ASSIGNED TASK:
The answer should consist of every line of the material, repeated verbatim.

##### INFORMATION #####

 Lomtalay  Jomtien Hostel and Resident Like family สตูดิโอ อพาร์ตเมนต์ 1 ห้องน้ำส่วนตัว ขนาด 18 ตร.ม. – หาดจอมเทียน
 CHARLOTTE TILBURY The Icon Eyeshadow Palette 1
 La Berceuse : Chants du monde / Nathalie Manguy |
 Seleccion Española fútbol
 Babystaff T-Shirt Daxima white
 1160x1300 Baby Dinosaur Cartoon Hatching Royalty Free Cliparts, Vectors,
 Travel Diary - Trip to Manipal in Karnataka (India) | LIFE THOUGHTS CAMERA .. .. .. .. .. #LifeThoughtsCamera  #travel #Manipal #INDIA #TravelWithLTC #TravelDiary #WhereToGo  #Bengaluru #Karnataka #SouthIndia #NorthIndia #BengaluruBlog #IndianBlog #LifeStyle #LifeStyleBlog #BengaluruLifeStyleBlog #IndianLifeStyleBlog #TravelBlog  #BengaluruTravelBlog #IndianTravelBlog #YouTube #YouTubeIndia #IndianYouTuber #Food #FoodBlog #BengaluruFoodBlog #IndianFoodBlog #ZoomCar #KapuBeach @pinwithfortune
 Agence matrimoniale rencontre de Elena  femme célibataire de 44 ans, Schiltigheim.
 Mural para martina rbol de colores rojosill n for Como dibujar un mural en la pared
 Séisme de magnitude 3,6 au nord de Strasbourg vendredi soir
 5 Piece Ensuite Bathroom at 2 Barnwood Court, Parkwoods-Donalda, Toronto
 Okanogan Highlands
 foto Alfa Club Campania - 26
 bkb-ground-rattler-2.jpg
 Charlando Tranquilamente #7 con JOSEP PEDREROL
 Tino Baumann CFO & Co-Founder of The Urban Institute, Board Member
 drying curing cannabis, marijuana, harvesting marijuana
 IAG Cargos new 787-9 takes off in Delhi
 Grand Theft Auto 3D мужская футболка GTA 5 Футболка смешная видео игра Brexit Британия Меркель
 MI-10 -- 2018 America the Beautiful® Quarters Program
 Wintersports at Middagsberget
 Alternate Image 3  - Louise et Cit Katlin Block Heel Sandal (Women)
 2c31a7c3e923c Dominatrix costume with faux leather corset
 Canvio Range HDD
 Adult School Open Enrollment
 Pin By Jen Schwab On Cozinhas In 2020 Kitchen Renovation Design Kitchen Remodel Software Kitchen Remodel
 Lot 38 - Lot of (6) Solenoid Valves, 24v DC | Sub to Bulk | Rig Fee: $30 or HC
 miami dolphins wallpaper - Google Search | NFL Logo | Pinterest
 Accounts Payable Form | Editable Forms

#####

EXERCISE RESPONSE:
 Lomtalay  Jomtien Hostel and Resident Like family สตูดิโอ อพาร์ตเมนต์ 1 ห้องน้ำส่วนตัว ขนาด 18 ตร.ม. – หาดจอมเทียน
 CHARLOTTE TILBURY The Icon Eyeshadow Palette 1
 La Berceuse : Chants du monde / Nathalie Manguy |
 Seleccion Española fútbol
 Babystaff T-Shirt Daxima white
 1160x1300 Baby Dinosaur Cartoon Hatching Royalty Free Cliparts, Vectors,
 Travel Diary - Trip to Manipal in Karnataka (India) | LIFE THOUGHTS CAMERA .. .. .. .. .. #LifeThoughtsCamera  #travel #Manipal #INDIA #TravelWithLTC #TravelDiary #WhereToGo  #Bengaluru #Karnataka #SouthIndia #NorthIndia #BengaluruBlog #IndianBlog #LifeStyle #LifeStyleBlog #BengaluruLifeStyleBlog #IndianLifeStyleBlog #TravelBlog  #BengaluruTravelBlog #IndianTravelBlog #YouTube #YouTubeIndia #IndianYouTuber #Food #FoodBlog #BengaluruFoodBlog #IndianFoodBlog #ZoomCar #KapuBeach @pinwithfortune
 Agence matrimoniale rencontre de Elena  femme célibataire de 44 ans, Schiltigheim.
 Mural para martina rbol de colores rojosill n for Como dibujar un mural en la pared
 Séisme de magnitude 3,6 au nord de Strasbourg vendredi soir
 5 Piece Ensuite Bathroom at 2 Barnwood Court, Parkwoods-Donalda, Toronto
 Okanogan Highlands
 foto Alfa Club Campania - 26
 bkb-ground-rattler-2.jpg
 Charlando Tranquilamente #7 con JOSEP PEDREROL
 Tino Baumann CFO & Co-Founder of The Urban Institute, Board Member
 drying curing cannabis, marijuana, harvesting marijuana
 IAG Cargos new 787-9 takes off in Delhi
 Grand Theft Auto 3D мужская футболка GTA 5 Футболка смешная видео игра Brexit Британия Меркель
 MI-10 -- 2018 America the Beautiful® Quarters Program
 Wintersports at Middagsberget
 Alternate Image 3  - Louise et Cit Katlin Block Heel Sandal (Women)
 2c31a7c3e923c Dominatrix costume with faux leather corset
 Canvio Range HDD
 Adult School Open Enrollment
 Pin By Jen Schwab On Cozinhas In 2020 Kitchen Renovation Design Kitchen Remodel Software Kitchen Remodel
 Lot 38 - Lot of (6) Solenoid Valves, 24v DC | Sub to Bulk | Rig Fee: $30 or HC
 miami dolphins wallpaper - Google Search | NFL Logo | Pinterest
 Accounts Payable Form | Editable Forms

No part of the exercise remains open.